Misalnya apakah produk yang dikonsumsi tersebut dapat dipergunakan ulang, di daur
ulang atau langsung dibuang ketika fungsi utamanya sudah digunakan, semisal produk
kesehatan atau produk yang mengandung kimia berbahaya.
Penyediaan informasi juga harus memperhatikan keterbacaan (literasi) masyarakat
tentang sampah, artinya dalam menggunakan berbagai istilah yang dikenal dalam
berbagai peraturan yang tersedia tentang pengelolaan sampah, harus menghasilkan
persepsi (pemaknaan pesan) bagi yang membacanya. Dengan kata lain siapapun yang
menggunakan informasi yang disediakan harus memahaminya dalam derajat yang sama,
karena perbedaan persepsi akan menghasilkan perbedaan makna dan tentunya akan
berdampak pada proses pengaplikasiannya.
Merujuk pada karakter sosial-budaya masyarakat Indonesia dalam membuang
sampah, maka pengelolaan sampah di tanah air termasuk di Bandung perlu dilakukan
seperti konsep yang dikemukakan oleh Manfred Fehr (2012) dari Institute of Geographic,
Federal University Uberlandia, Brazil dalam penelitiannya tentang pengembangan zero
waste area di kota Araguari Brazil. Hasil penelitiannya menunjukkan bahwa dalam
mengelola sampah juga sekaligus mengelola perilaku manusia, karena merubah
kebiasaan dari tidak memilah menjadi memilah, dari tidak mendaur ulang menjadi
mendaur ulang membutuhkan proses dan waktu yang tidak sebentar.
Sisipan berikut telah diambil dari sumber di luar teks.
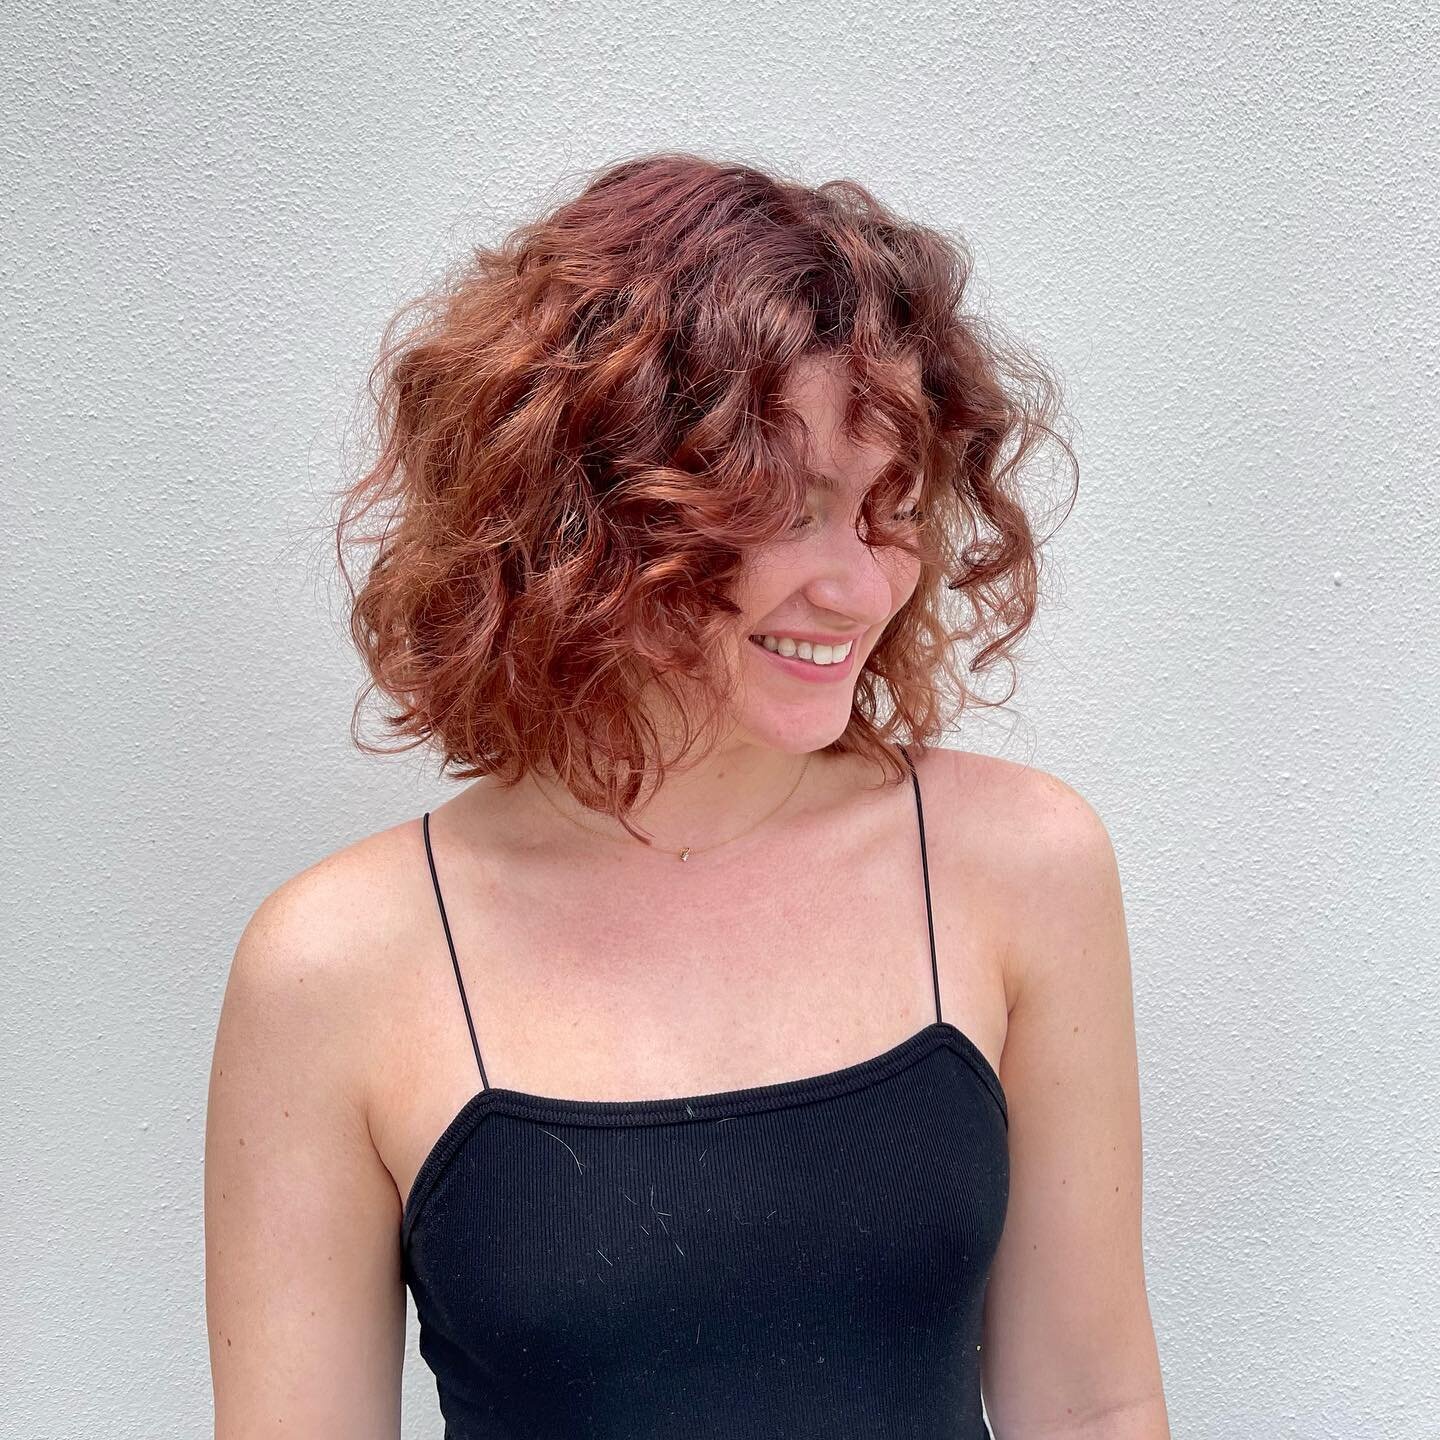 Heath took Jamie from grown out blonde to this coppery auburn. Big hair change for a big career change. Cut and color by Heath.
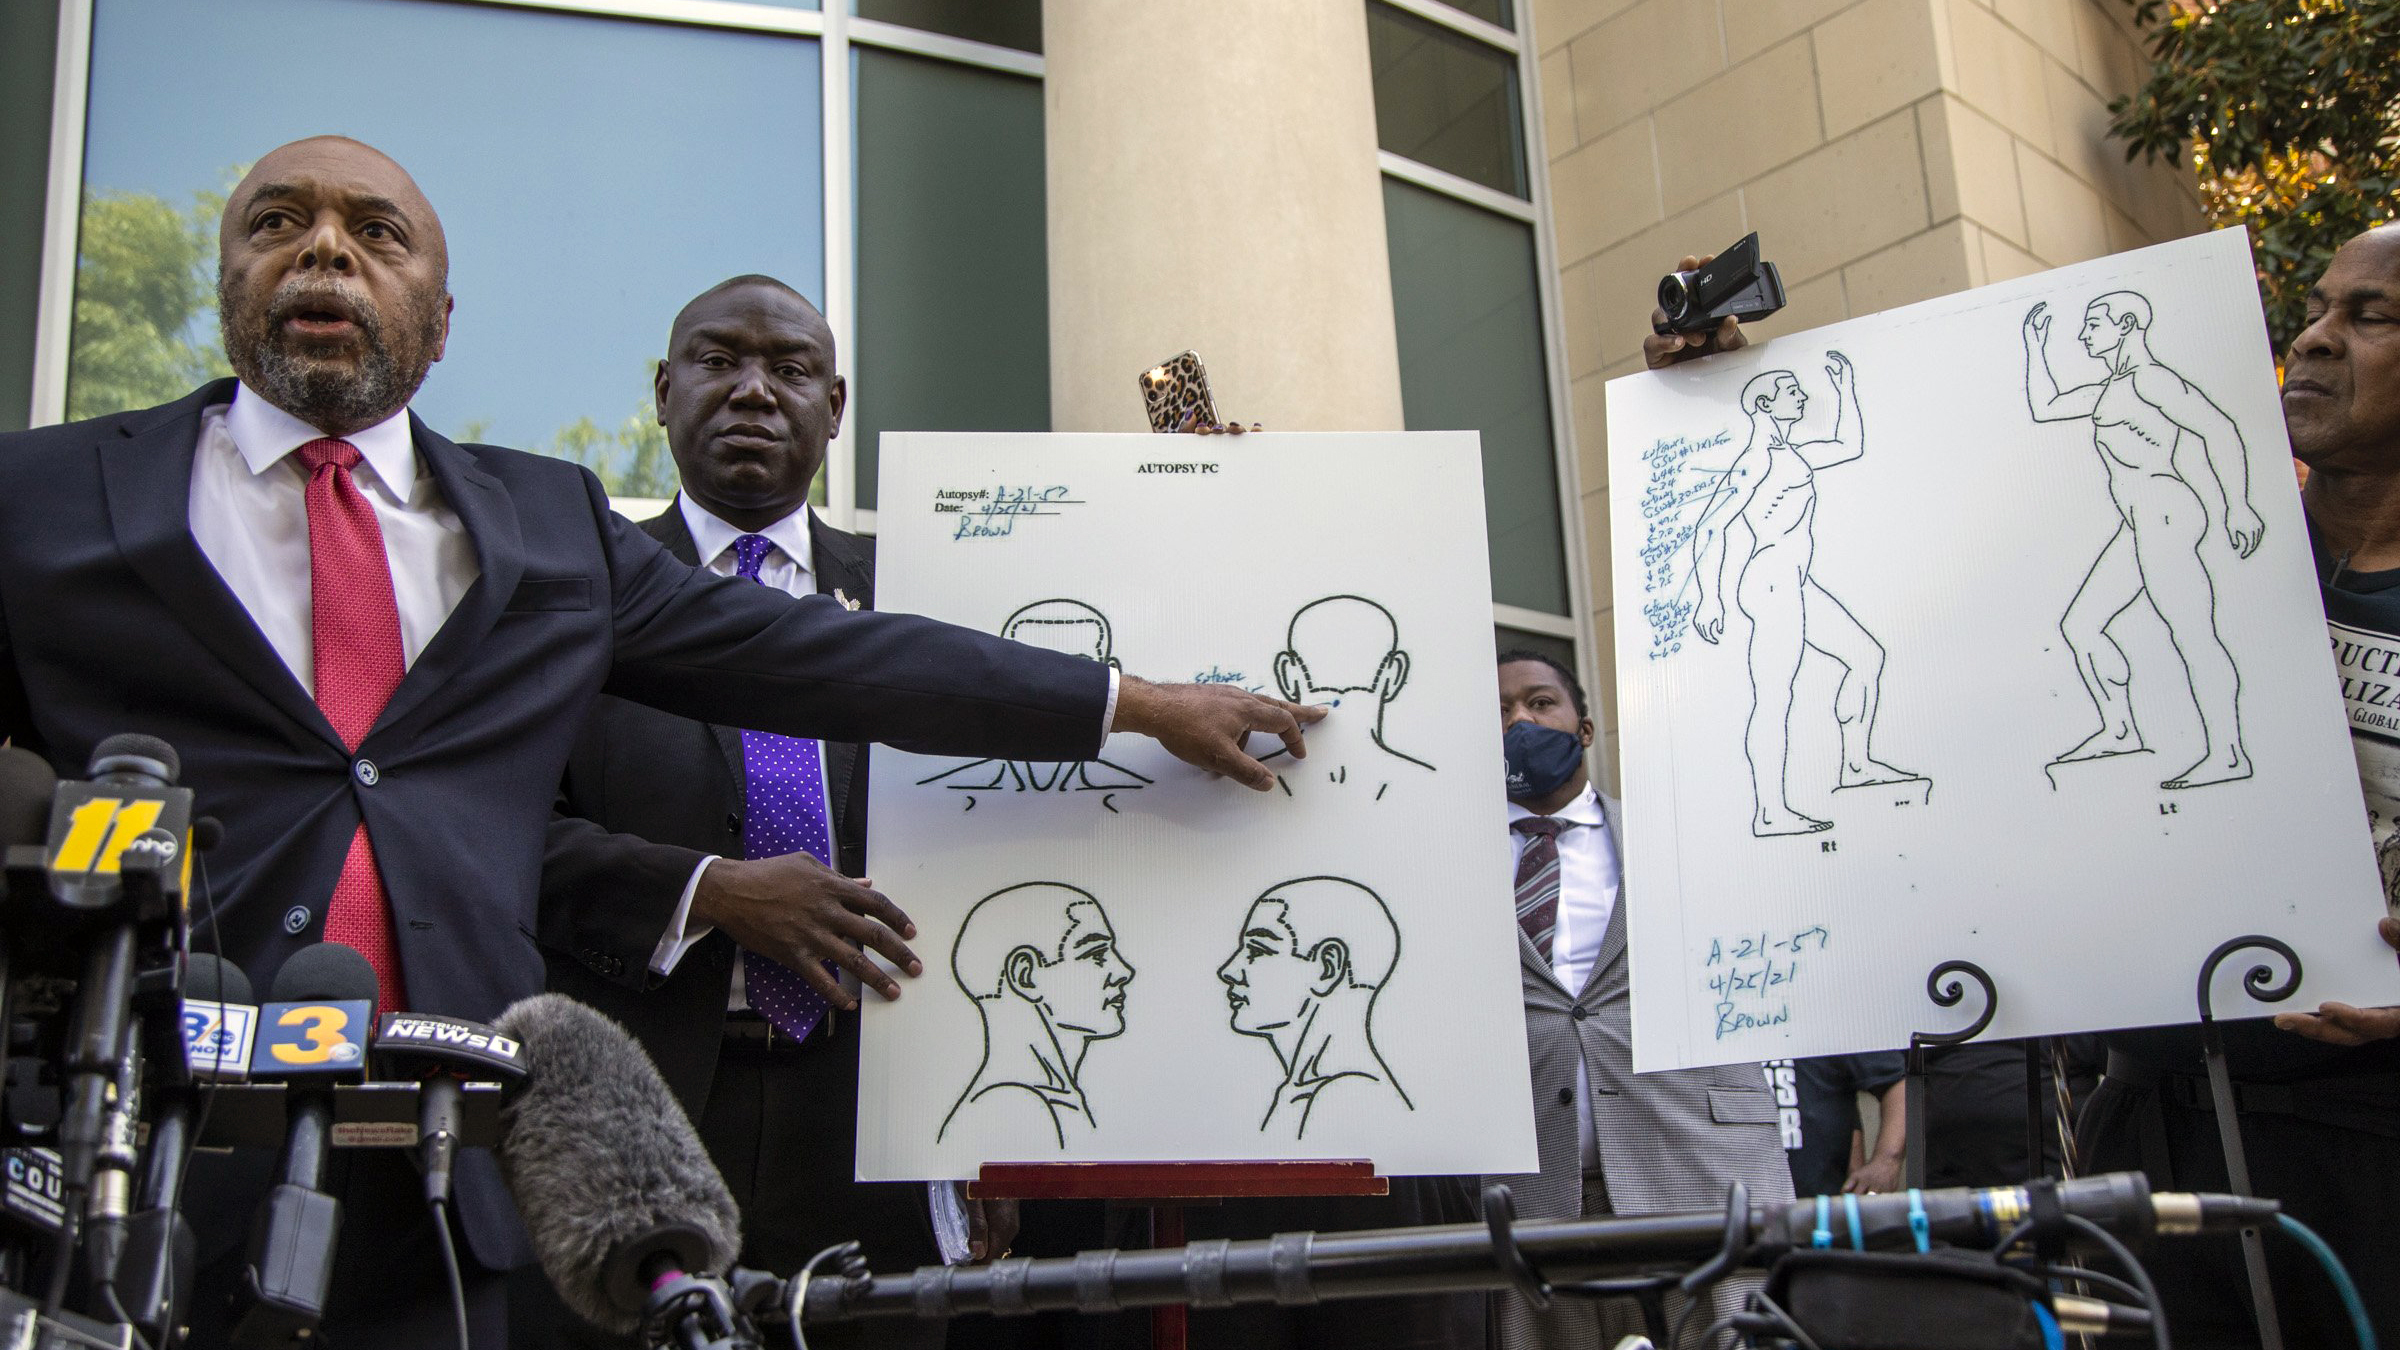 Attorneys for the family of Andrew Brown Jr., Wayne Kendall, left, and Ben Crump hold a news conference Tuesday, April 27, 2021 outside the Pasquotank County Public safety building in Elizabeth City, N.C., to announce results of the autopsy they commissioned. The attorneys say an independent autopsy shows that Brown, a Black man, was shot five times, including in the back of the head. Brown was shot Wednesday by deputies serving drug-related search and arrest warrant. (Travis Long/The News & Observer via AP)

Lebih jauh Fehr (2012) menjalaskan bahwa sistem pengelolaan sampah dan
ketersediaan peraturan juga menjadi komponen penting yang harus diperhatikan.
Masyarakat tidak akan dapat bergerak jika tidak ada sistem dan peraturan yang
mendukung, juga ketersediaan sarana seperti sarana pewadahan untuk pemilahan
sampah, pusat pengomposan, atau tempat-tempah pengolahan sampah an-organik.